思い切りハルちゃんの方を向き見つめてしまう。

「ちょっ…。まじまじと見ないでよ。恥ずかしいけどって言ったじゃん!あ~~もう恥ずかしい」



 私たちは歩く。飲み会の帰りのように。

 あのときみたいに抱き締められたりチュウはされない。だってハルちゃんは私の自転車を押してくれているから。

「今夜は空、曇ってるね」ハルちゃんが少し上を見上げながら私に言う。

「うん」

 飲み会の帰りは綺麗な星空だった。月も綺麗で。そしておとといの、チュウした夜の月はもっと綺麗だった。

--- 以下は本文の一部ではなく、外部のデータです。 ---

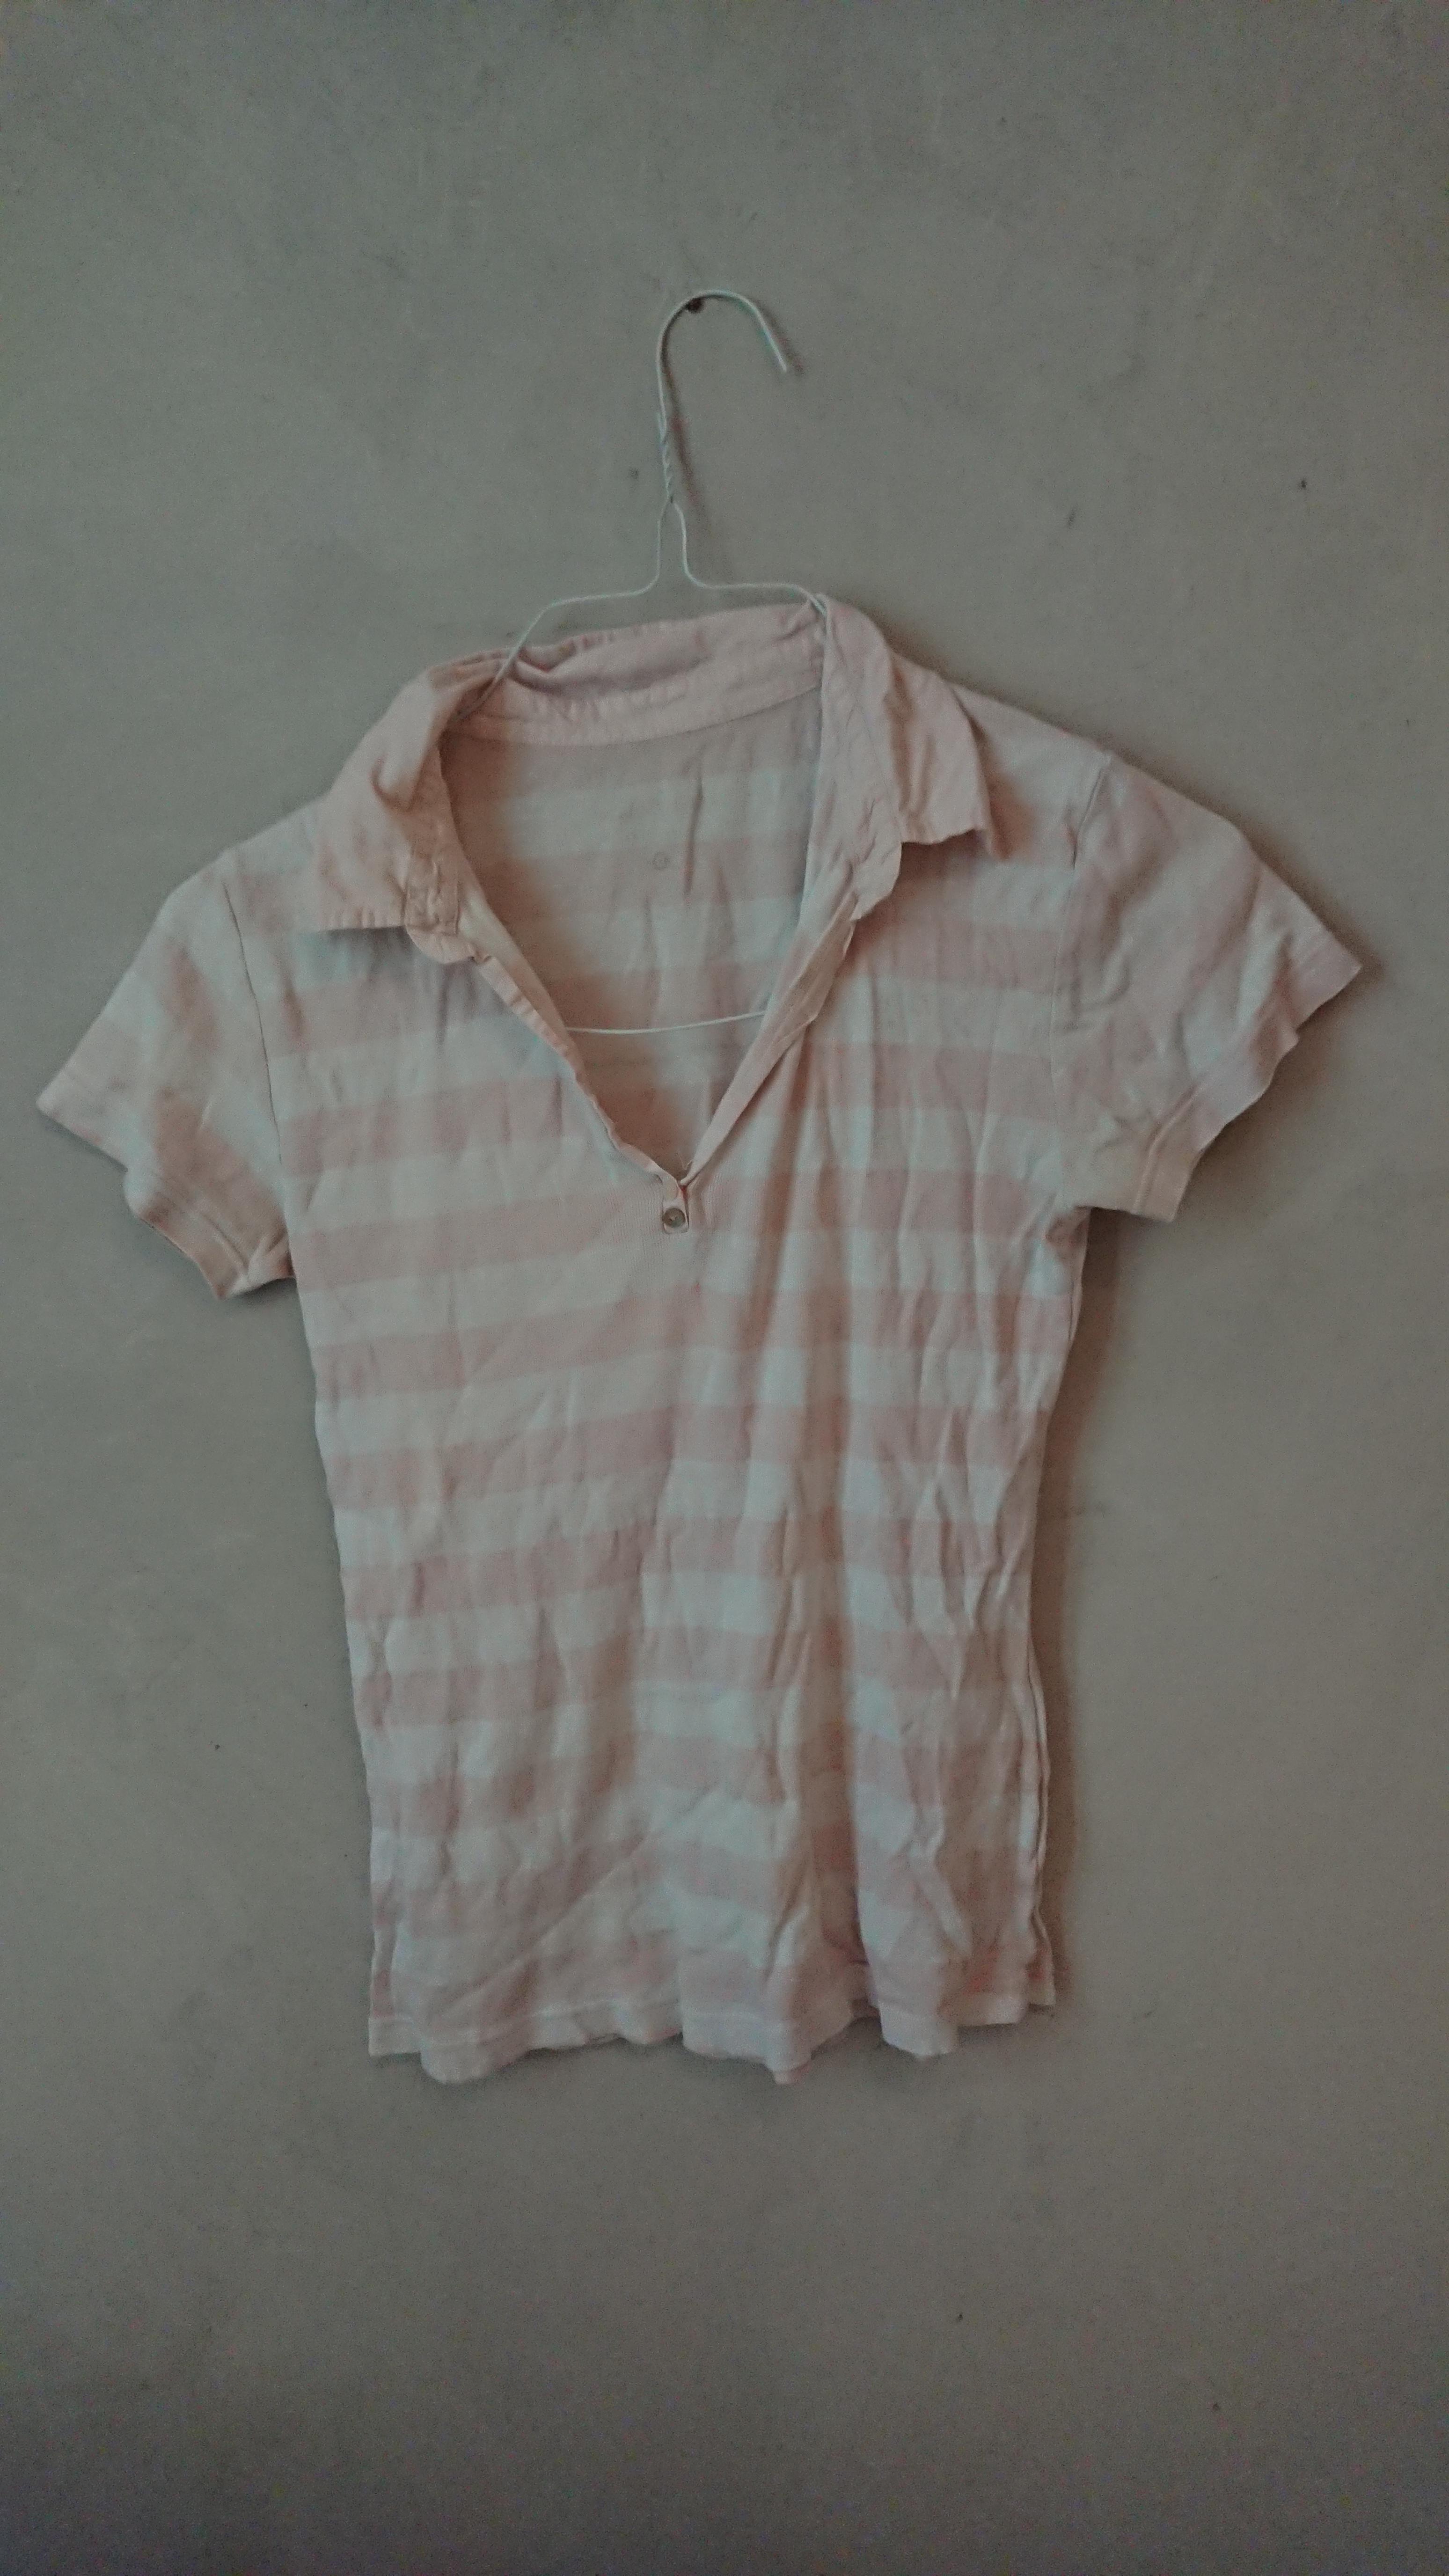 troc de troc t-shirt polo rayures taille m blanc et rose image 0

 ふふっとハルちゃんが急に笑うので気持ち悪いがドキッとする。

「今オレたち絶対同じ事考えてたね」

ねぇ?と言う感じでハルちゃんが私の顔を覗き込む。

「おとといのチュウの事考えてたよね?」

考えてたよ!そりゃ考えるよ。

「考えてた?」返事をしない私にもう一度聞く。「考えてたでしょ?絶対考えてたよね?」

笑顔でしつこいのでつい答えてしまう。

「考えてた!」

考えてたよ、そりゃ考えるよ。


 「こんな雲がかかってる夜、一人で帰ったら寂しいけどさ」ハルちゃんがにこやかに言う。「二人だと嬉しいな」

「ドライブってやっぱ行くんだよね?」私は聞いてみる。

「行きたくないの?」

「だって状況が違う。そもそもハルちゃんの話を聞いた泉田先生が、私に気を使ってくれてドライブ行こうって言ってくれたのに。泉田先生とマキちゃんがあんな感じで、それで4人で行くわけでしょう?」

「まぁね~~。ダブルデートだね~~」

「…私の立場微妙なんだけど」

「泉田先生に告白したから?」

「…そう」

「オレも告白されたいな、リツに」

「ハルちゃん、そんな事ばっかり言ってるけど、ハルちゃん私に酷い事してるなって気にはならないの?私をだましたようなもんだと思うけど」

「泉田先生が牧先生好きなの知ってて黙ってて、しかもその泉田先生にドライブ誘わせたから?」

私は黙ってうなずく。

「そりゃリツが気付かないのが悪いよ。泉田先生の事ずっと見てたんでしょ?それとなく気付いてもいいんじゃないの?しかもリツと親しい牧先生との事なのに」

「泉田先生が好きそうなタイプと違ったんだもんマキちゃん。マキちゃんは私が泉田先生好きな事知ってからそれとなく応援してくれてたし」

「オレは~~リツ怒ると思うけど、はっきり、きっぱり、片が付いて良かったよね。今夜の事であきらめついたでしょ?どうせリツの思いはいつまでたっても届かないんだから」

「ひど…」

「オレでいいじゃん。泉田先生と牧先生より仲良くしようよ」

「…ハルちゃん、高山先生以外誰に告られたの?」

「おっ!?気になるの?」

「…だって言ってきただけでも4人もいるんでしょ?言わないで想ってるだけの人もいるに違いないから、そうたいして人数多くない職場ですごいなと思って」

「せまいとこだからじゃないの?目新しい感じがしたんじゃない?ミノリだって誘われてたよ。まだ学生なのに」

 


 しばらく黙って歩く。

 金曜の夜、駅から商店街を抜けるまでは結構人通りも多かったが、住宅街に入ると急に人通りはなくなった。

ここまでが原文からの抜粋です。